Вот так бы смотреть на нее, слушать творимую ею тихую музыку, и ничего больше не надо. Но мировая суета не знает пощады.
— Так ты понял: Клифтон завтра будет в Мадриде.
— Очень рад, — сказал он равнодушно.
— Он в Испании — на все лето. Сперва, конечно, поедет в Памплону, потом вместе с друзьями будет сопровождать Хосе в его турне.
— Почетная свита!
— Да! Что за человек Клифтон?
— Вот те раз! Вы же такие друзья! И видитесь с ним куда чаще, чем я.
— Часто видеться — ничего не значит, — сухо сказала Мерседес. — Он повернут к нам одной стороной. Мы видим его неизменную от уха до уха улыбку, как на рекламе зубной пасты, но ведь он не всегда улыбается.
— Нет, конечно. Ты ждешь характеристики Клифтона? Это мне не по силам. Он прежде всего писатель, и тут я молчу.
— Покойный отец говорил: кто понимает в быках, понимает и в людях.

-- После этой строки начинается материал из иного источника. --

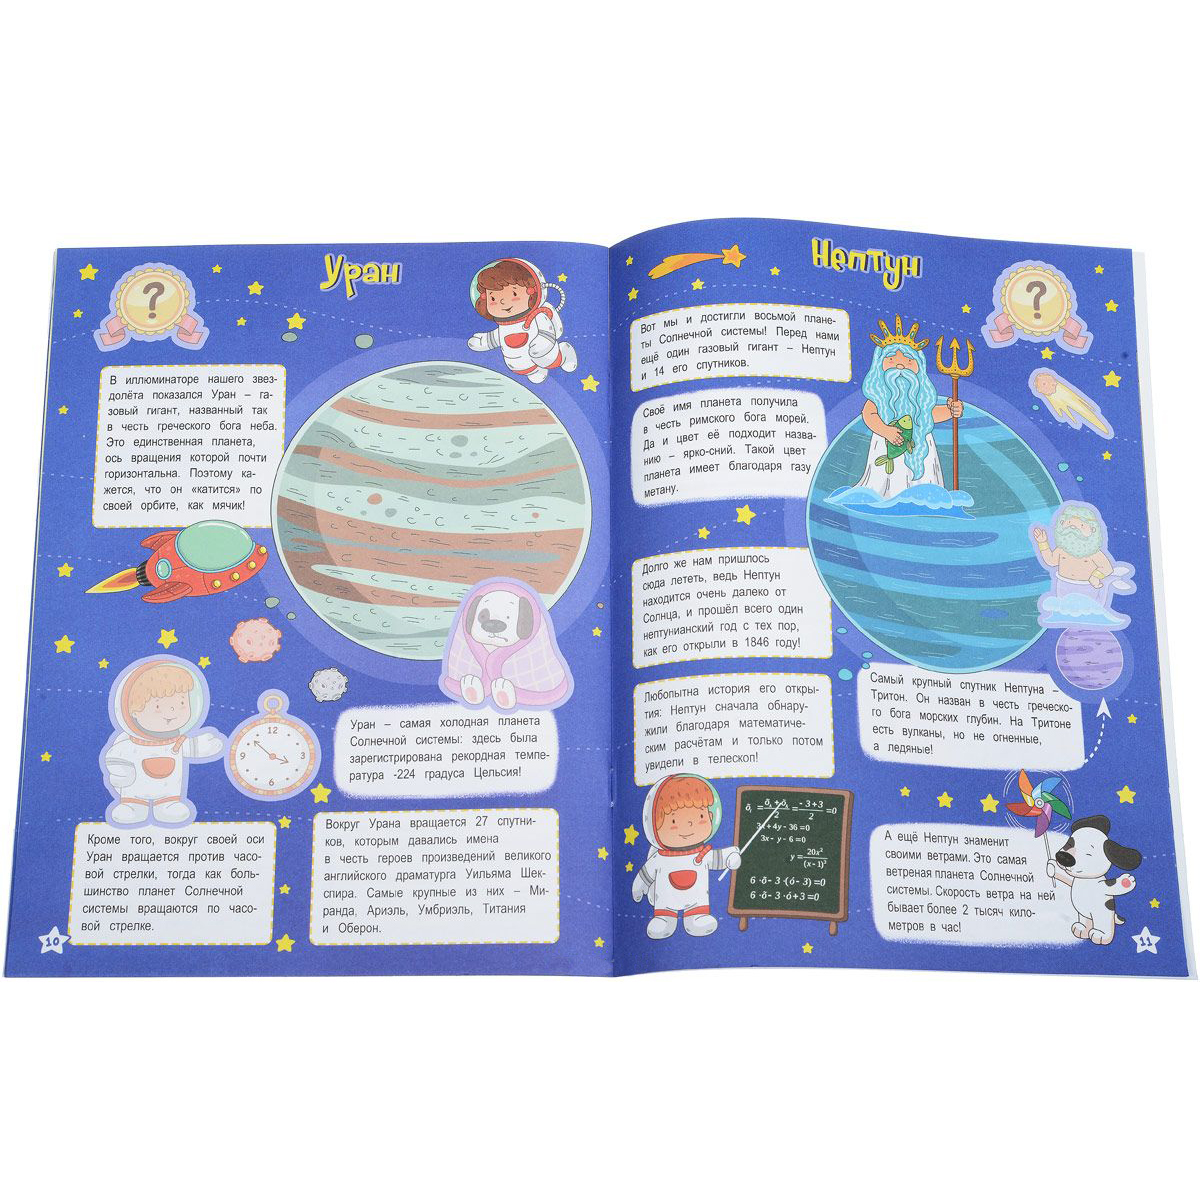 Космос читать детям. Книги о планетах для детей. Познавательные книги о космосе для детей. Детские книги про космос. Книги о космосе для детей.

— Писатель — это не совсем человек. Вернее, это человек и еще что то. Поэтому мне трудно говорить о Клифтоне. Итак, он прежде всего писатель. Большой, признанный, знаменитый, невероятно популярный, создавший стиль Клифтона, но не перестающий считаться с другими писателями, в том числе с умершими. Значит, он не так уверен в себе, как кажется. Со стороны Клиф — самонадеяннейший из смертных.
— Это, конечно, слабина в нем, — заметила Мерседес.
— «Слабина»? Что это — сленг?
— Да, не обращай внимания.
— Он много воевал…
— Стоп! — прервала Мерседес. — Меня война не интересует. Каков он в дни мира?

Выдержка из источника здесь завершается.